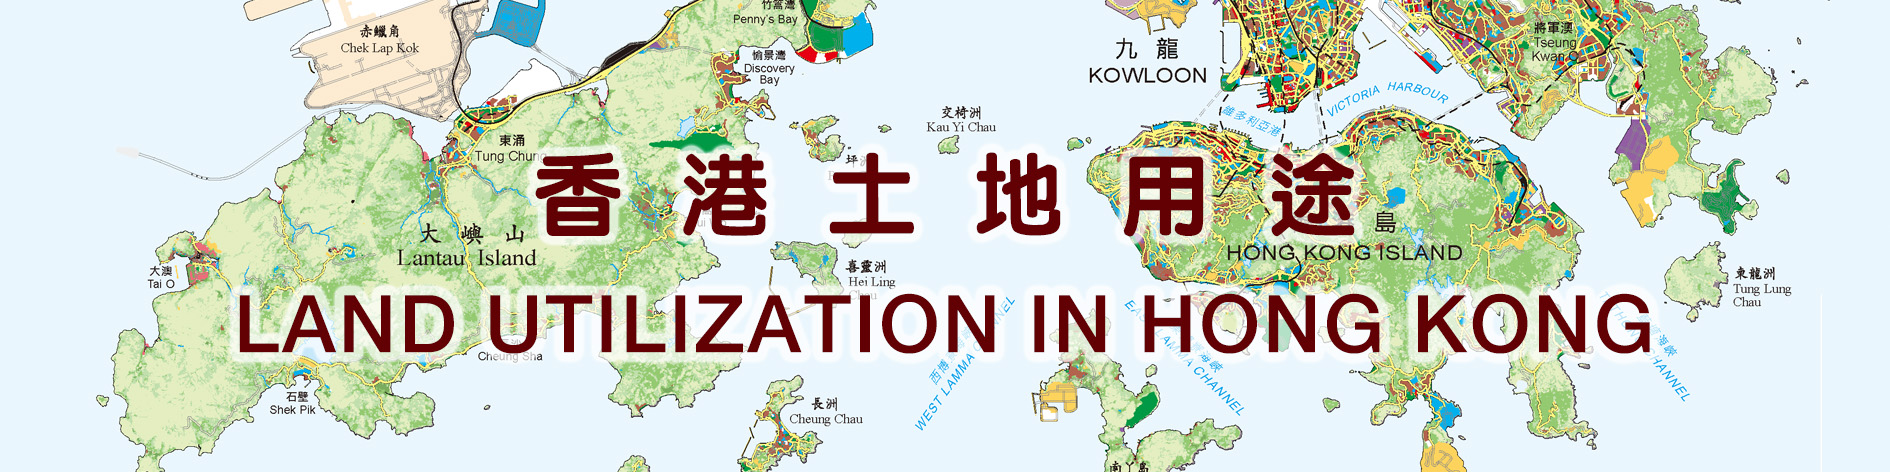 香港土地用途圖
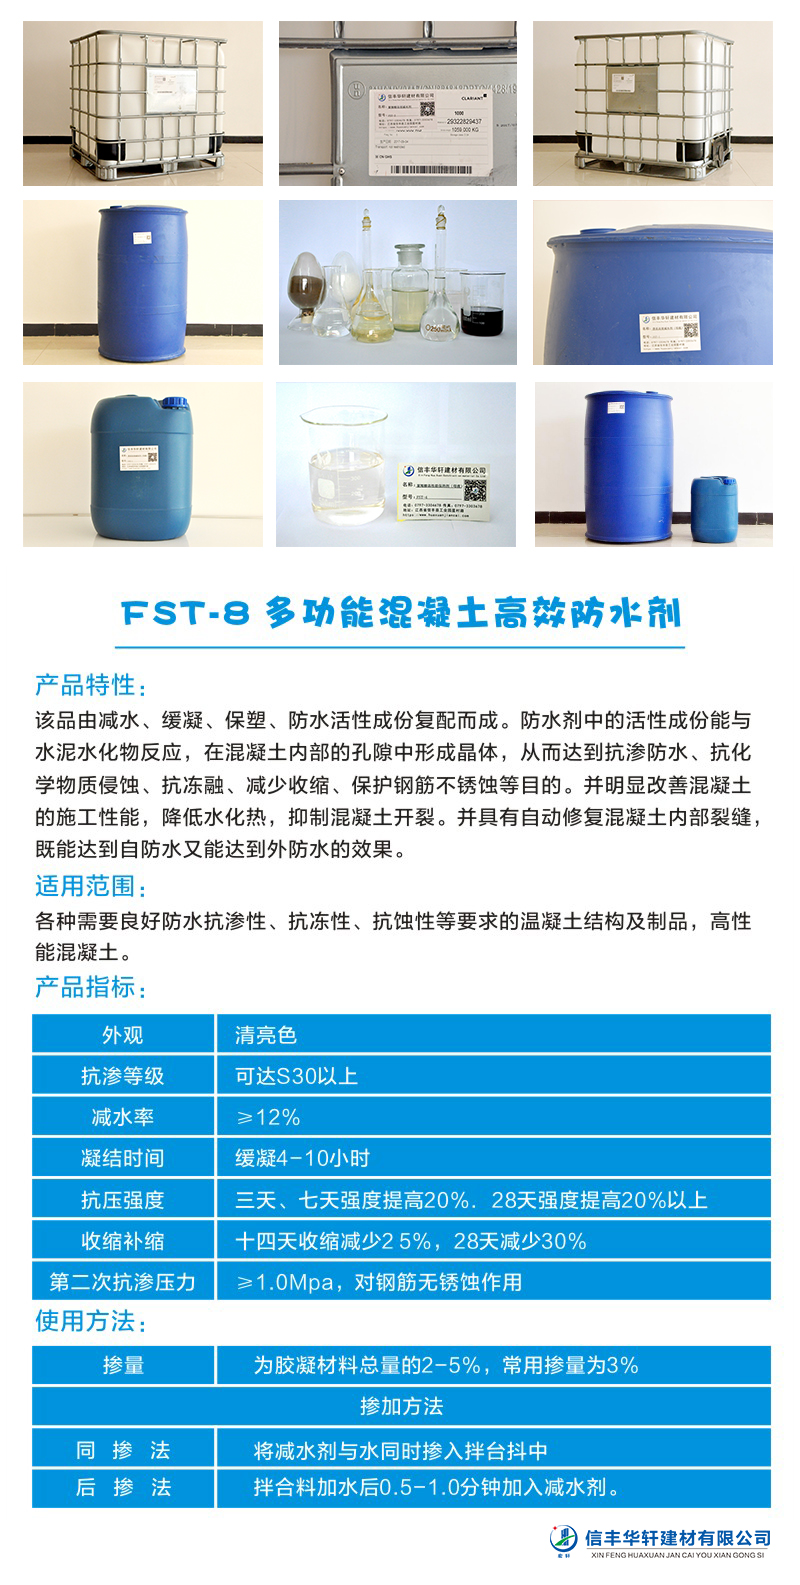 FST-8 多功能混凝土高效防水剂
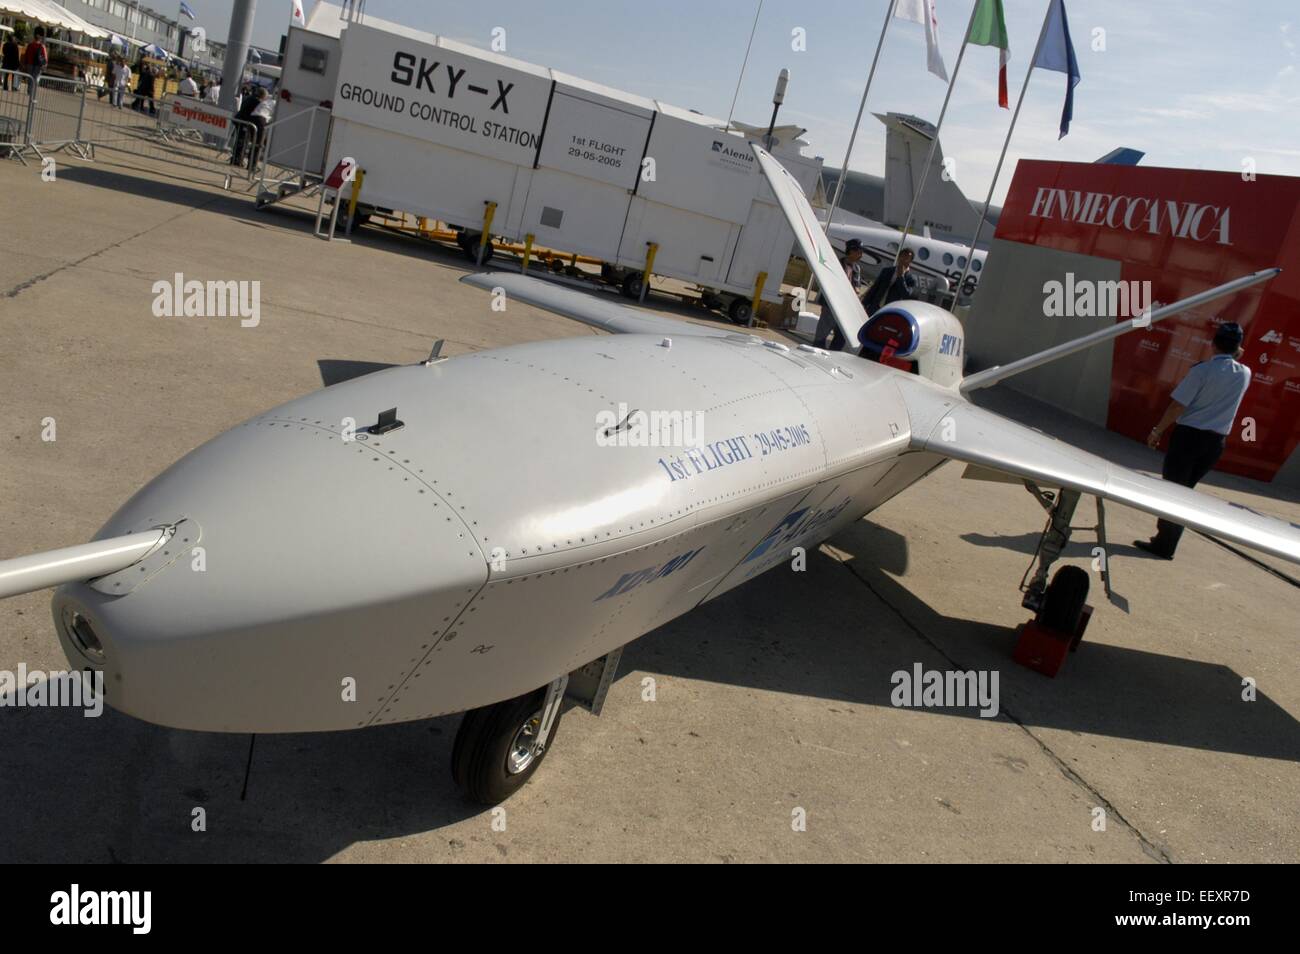 Vehículo aéreo no tripulado (UAV) Alenia Sky X (Italia) Foto de stock
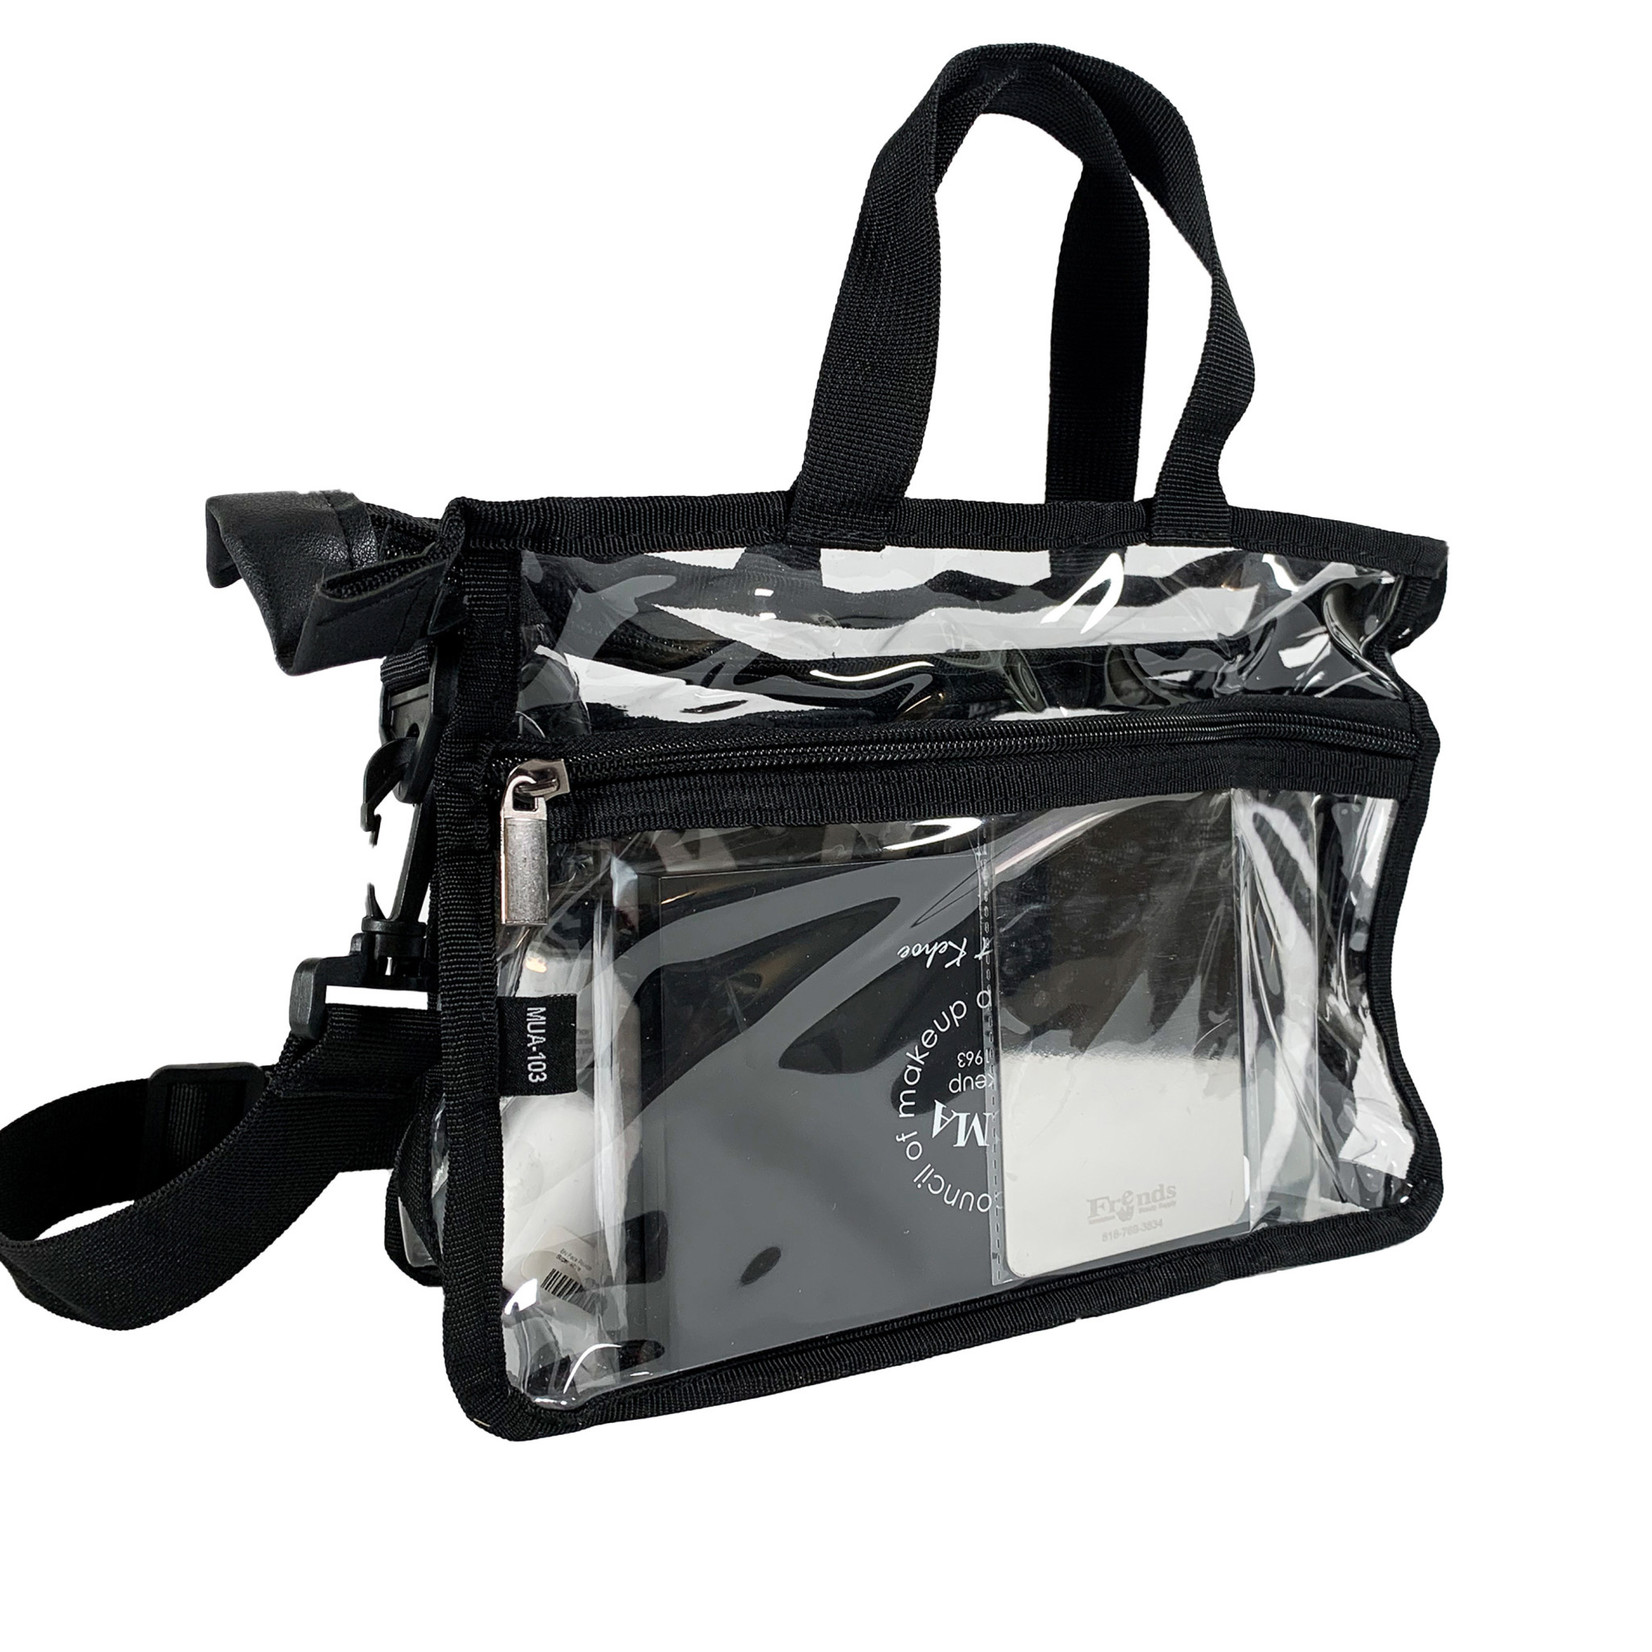 MUA Approved MUA-103 - Set Bag

***

What this task involves:
Starting with the line that holds "FST-8 多功能混凝土高效防水剂", reproduce exactly each line up to and including the last line of the material above, and drop the pictures.

Problem solution:
 FST-8 多功能混凝土高效防水剂
 Vehículo aéreo no tripulado (UAV) Alenia Sky X (Italia) Foto de stock
 MUA Approved MUA-103 - Set Bag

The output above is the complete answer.